Na verdade, a ideia em si de ~o amor da sua vida~ já me incomoda pacas. Pra começar, por que “o”? Quem disse que esse amor tem que ser único? Segundo, o que é o amor (baby don’t hurt me… no more)? Como saber se aquilo que você sente pela pessoa é paixão, amor, tesão, desejo, projeção Freudiana ou sei lá o quê? Terceiro, por que “da sua vida”? Tem que ser pra vida inteira? Ai, que saco! Eu não sou a mesma pessoa a vida inteira, como posso esperar que alguém ame as diversas versões minhas que estão por vir? Nem eu sei se vou amar todas elas! Aí a Disney nos ensina que temos que encontrar essa pessoa – pior, temos que esperar ela chegar em seu cavalo branco para nos livrar da bruxa má. Taca-lhe mais romantização que ainda tá pouco.

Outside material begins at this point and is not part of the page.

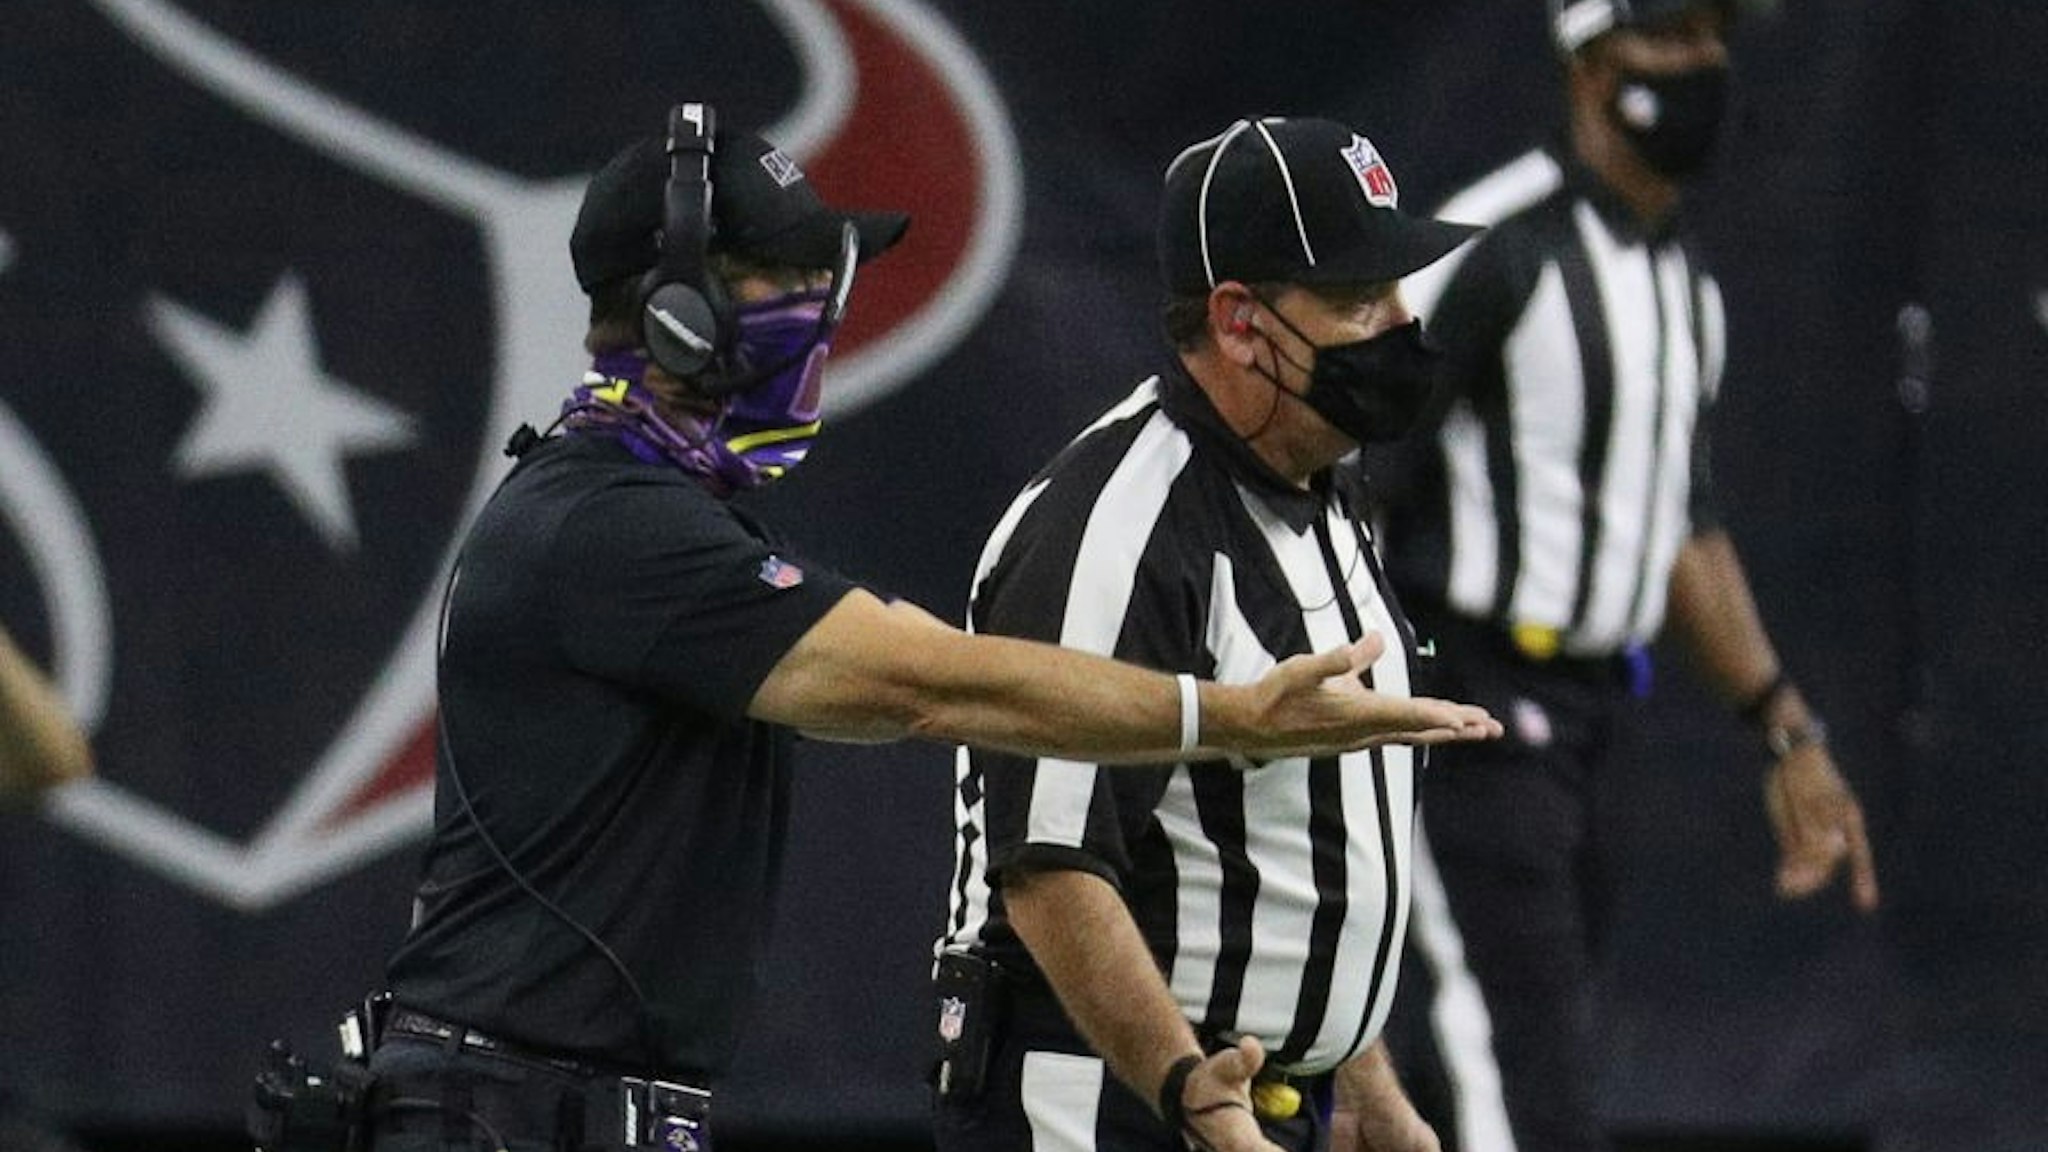 HOUSTON, TEXAS - SEPTEMBER 20: Head coach John Harbaugh of the Baltimore Ravens argues with the official after extra time was put back on the clock and Houston Texans kicked a field goal at NRG Stadium on September 20, 2020 in Houston, Texas. (Photo by

Essa romantização só complica as coisas. Criamos expectativas em pessoas esperando que elas também criem em nós essas mesmas expectativas, confluindo na reprodução de um momento e de uma relação estipulada por alguém que nem, ao menos, nos conhece. Menos projeção, mais realidade. Olha só: se pintar a parede com seu amor foi legal, ótimo! Mas não tem nada de errado se foi chato. O seu relacionamento não é pior que os outros se vocês não trazem café na cama aos domingos; o seu pedido de casamento não é menos válido se ele não foi feito com uma banda e uma flor para cada dia em que vocês estão juntxs. Você não é uma pessoa ruim se não faz tudo com seu amor – inclusive, acho essa individualidade extremamente saudável.

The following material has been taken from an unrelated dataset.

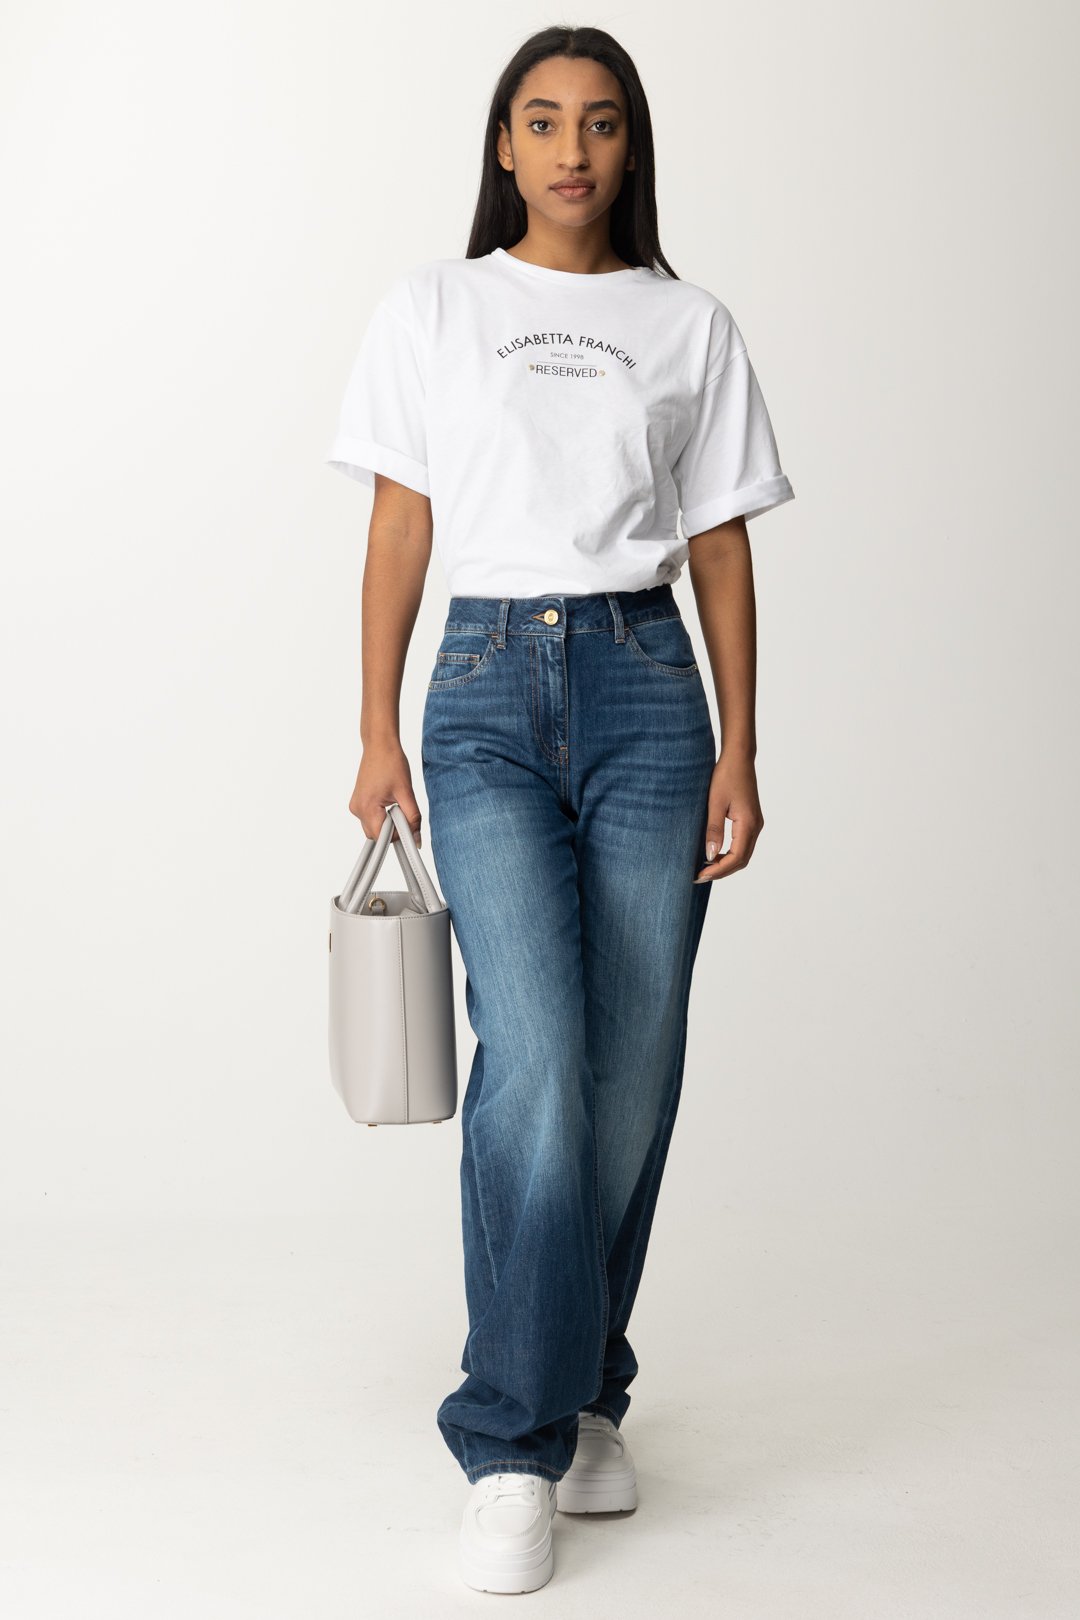 Preview: Elisabetta Franchi T-shirt with Reserved Print Gesso

“Nossa, cê odeia romance mesmo”. Nã nã nã. Eu adoro um romance – ô se goxto! Mas o meu romance, de um jeito só meu com a outra pessoa. Sem diretor, sem produtor, sem arte finalista, sem música de fundo (essa só na minha cabeça). Nesse romance, eu e a pessoa rimos juntas, nos divertimos, amamos muito. Mas a gente também se enche o saco uma da outra, se desentende, se entende de novo, se modifica. A diferença é que essa relação não tá num script, ela se constrói – e nisso está o belo, o frio na barriga e a delícia de se sentir em uma cena de um filme só nosso.